Supplied information:
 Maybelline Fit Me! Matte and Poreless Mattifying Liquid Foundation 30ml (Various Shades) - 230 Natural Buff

--

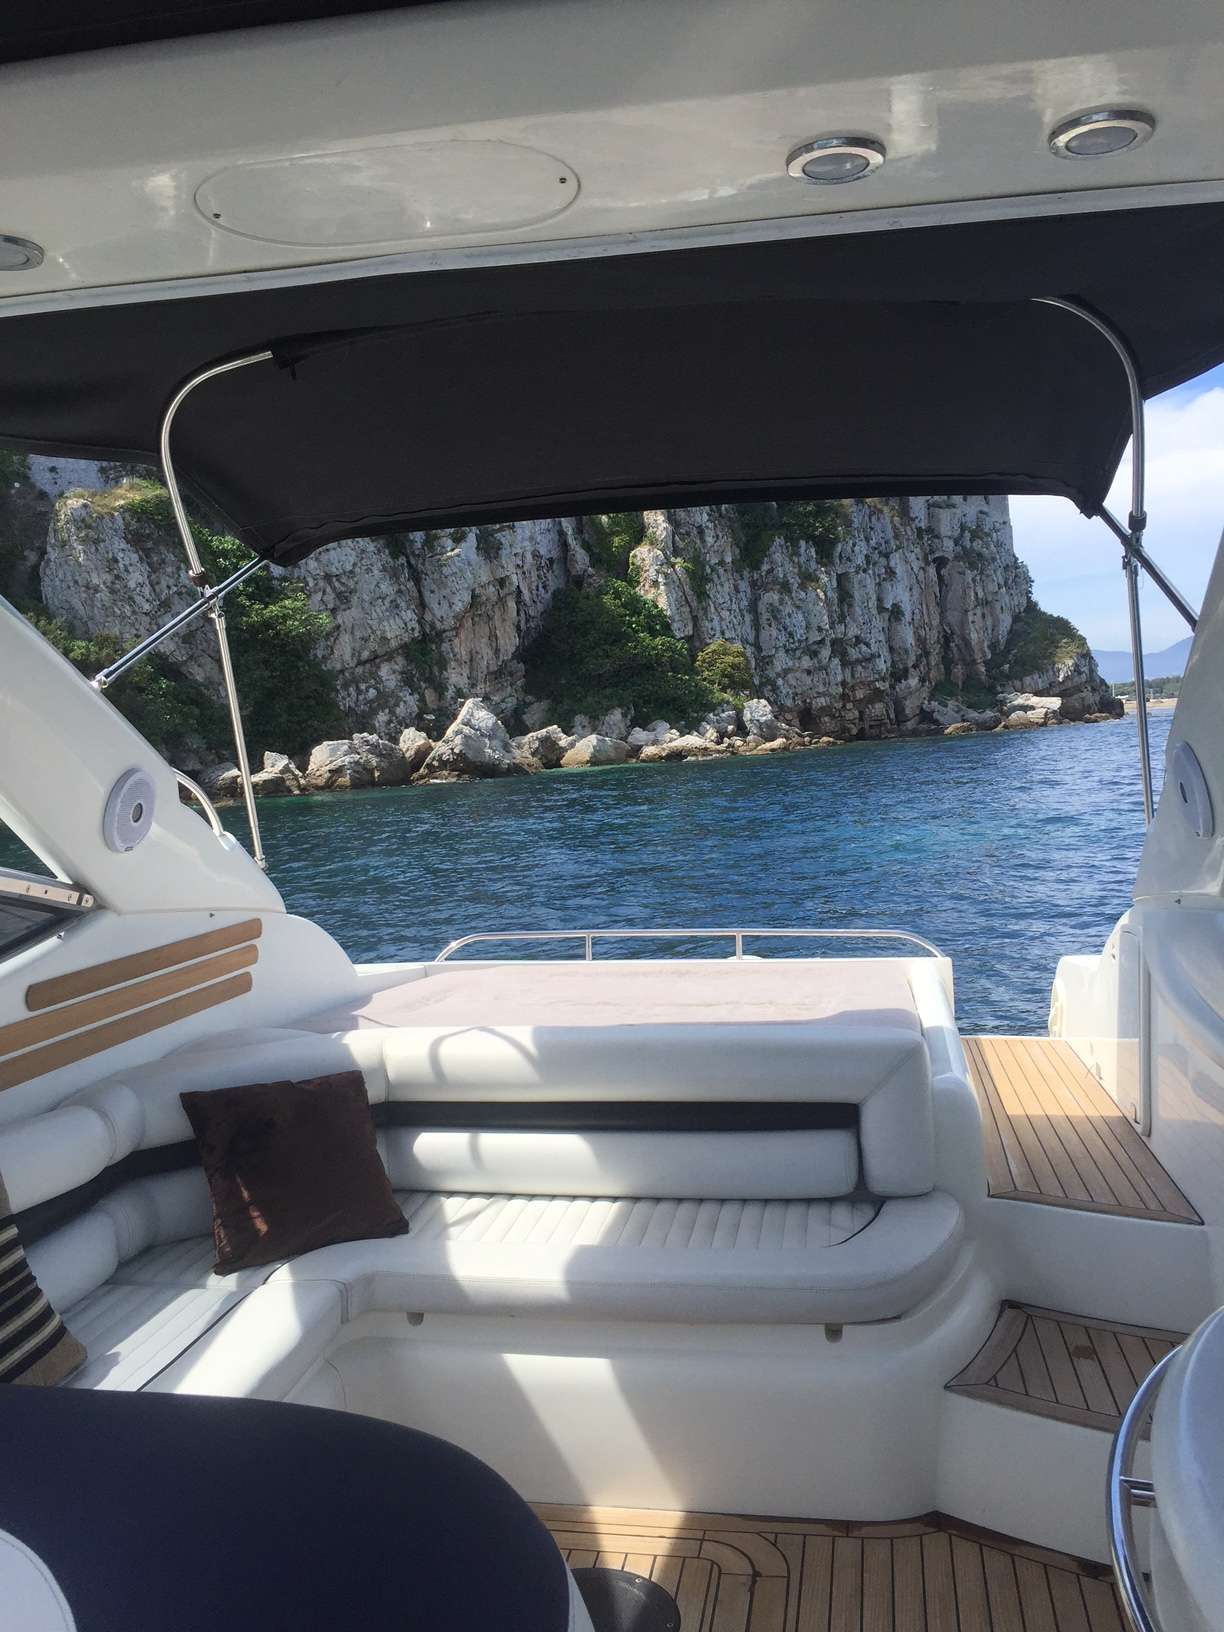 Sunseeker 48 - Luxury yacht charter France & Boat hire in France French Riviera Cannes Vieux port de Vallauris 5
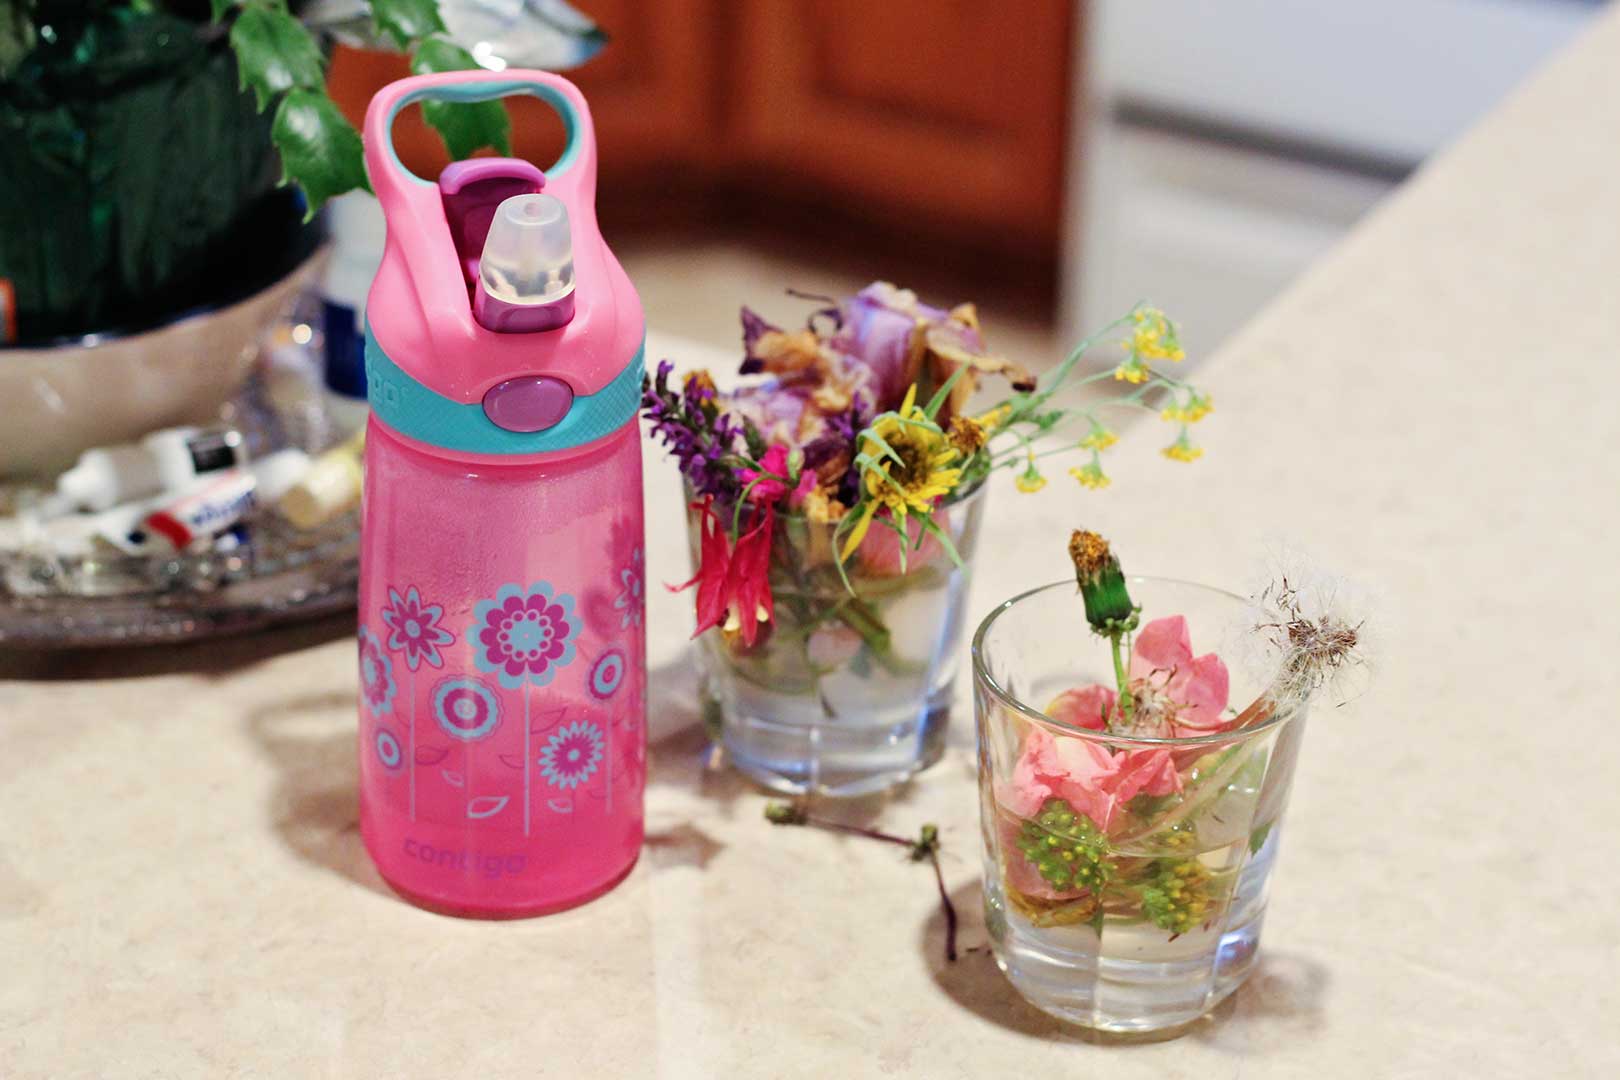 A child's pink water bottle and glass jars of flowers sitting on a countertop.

==

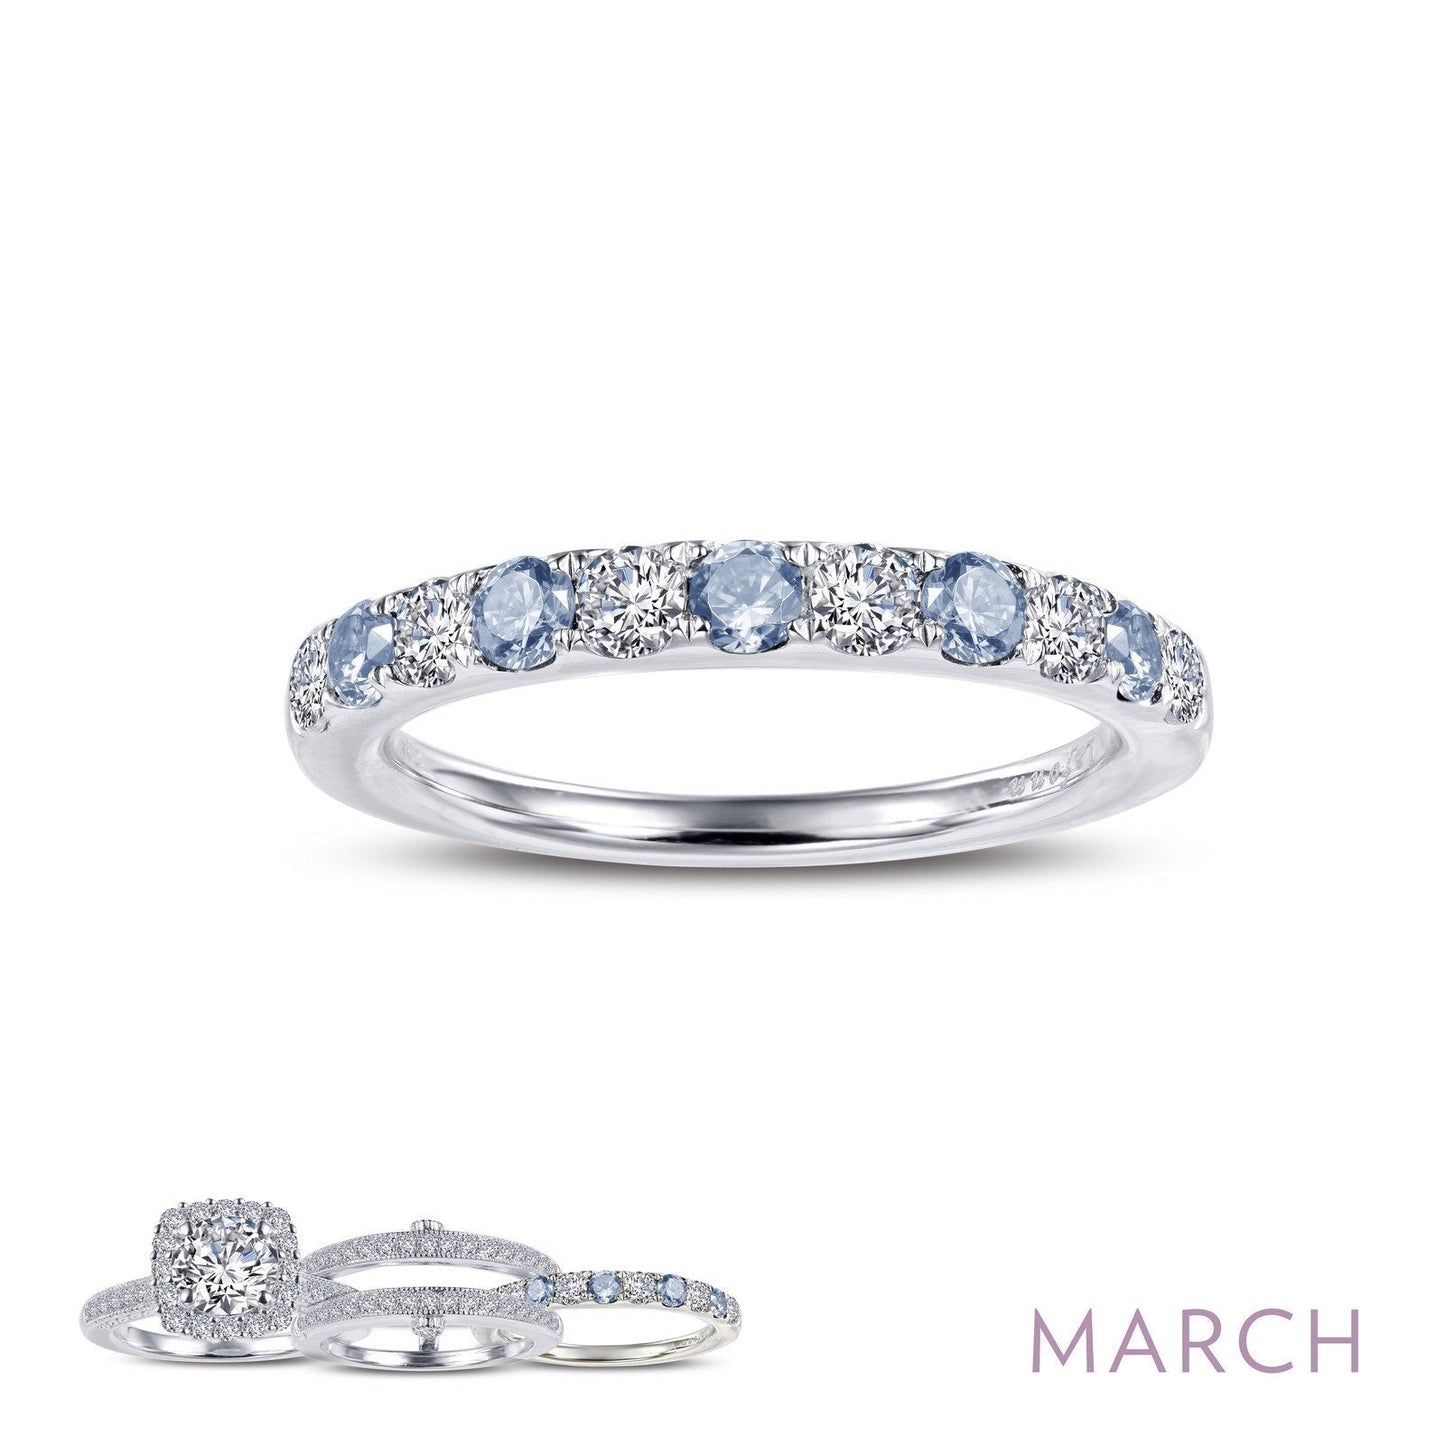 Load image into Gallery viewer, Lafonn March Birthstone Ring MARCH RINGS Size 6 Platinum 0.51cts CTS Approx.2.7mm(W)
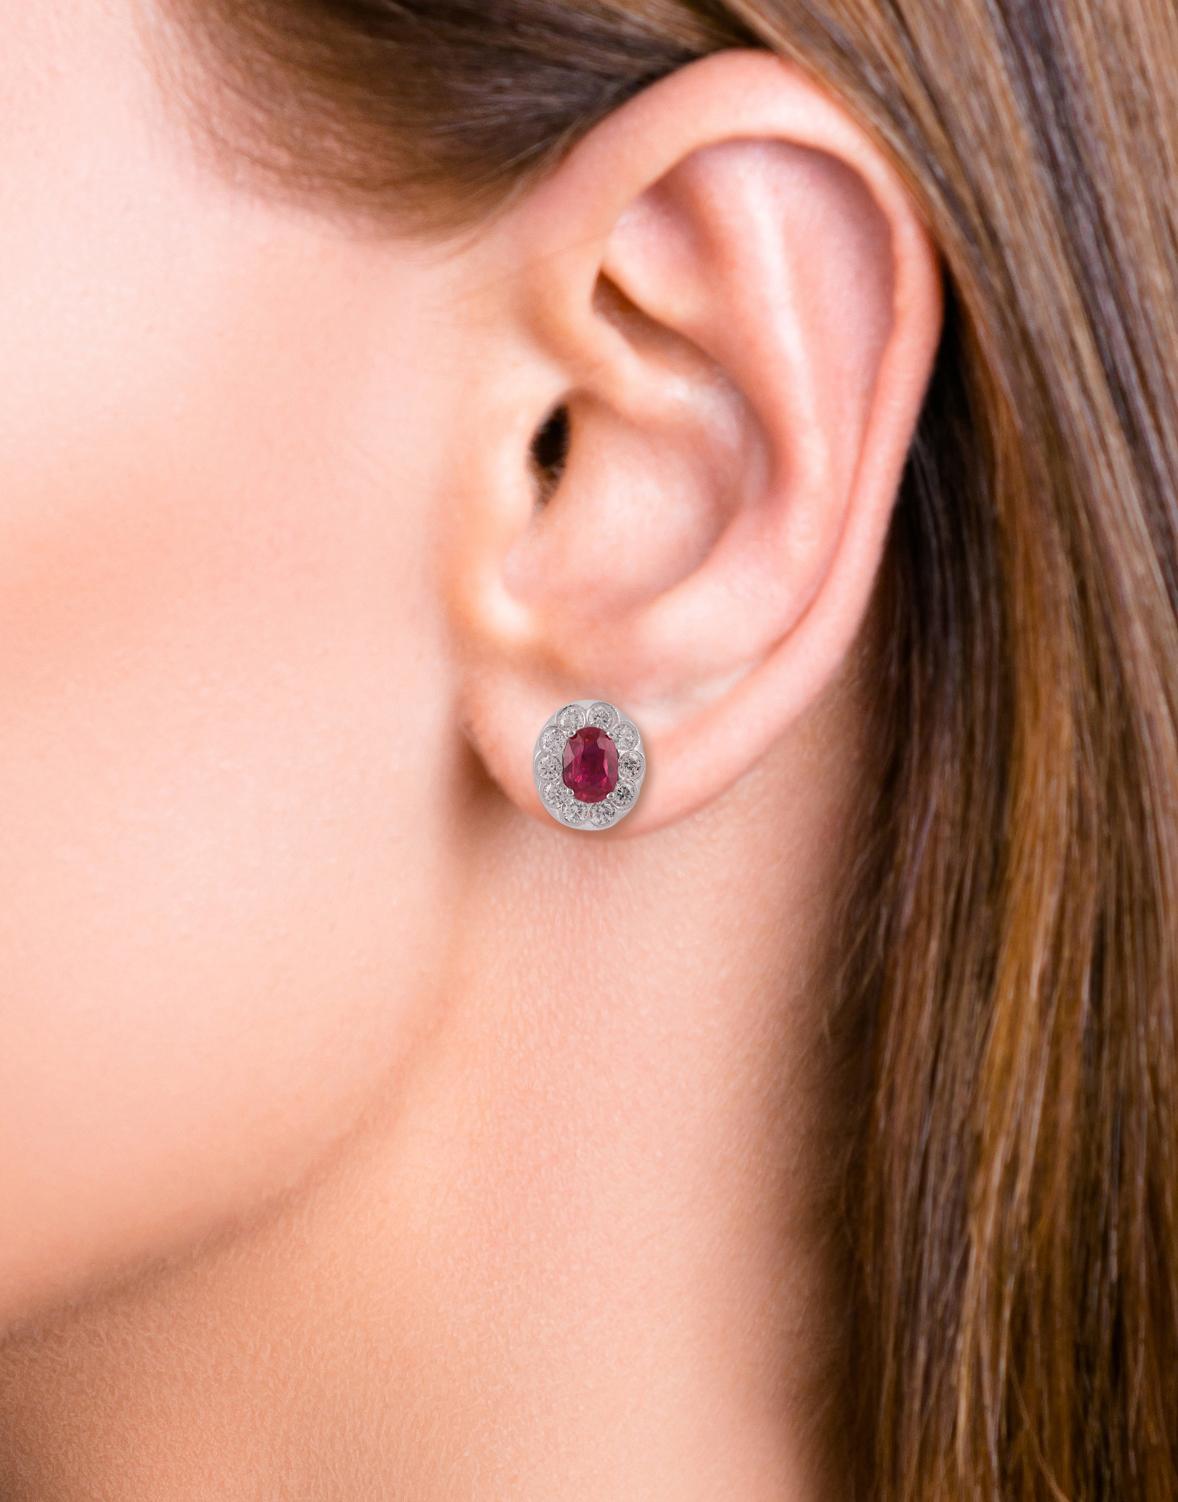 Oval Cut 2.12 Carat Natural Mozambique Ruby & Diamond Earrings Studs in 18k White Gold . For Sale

What you should do:
Copy the entries above exactly, but only the stretch from the line containing "Load image into" through the line containing "Oval Cut 2.12". Keep both end lines; drop the pictures.

Reply:
 Load image into Gallery viewer, Lafonn March Birthstone Ring MARCH RINGS Size 6 Platinum 0.51cts CTS Approx.2.7mm(W)
 Oval Cut 2.12 Carat Natural Mozambique Ruby & Diamond Earrings Studs in 18k White Gold . For Sale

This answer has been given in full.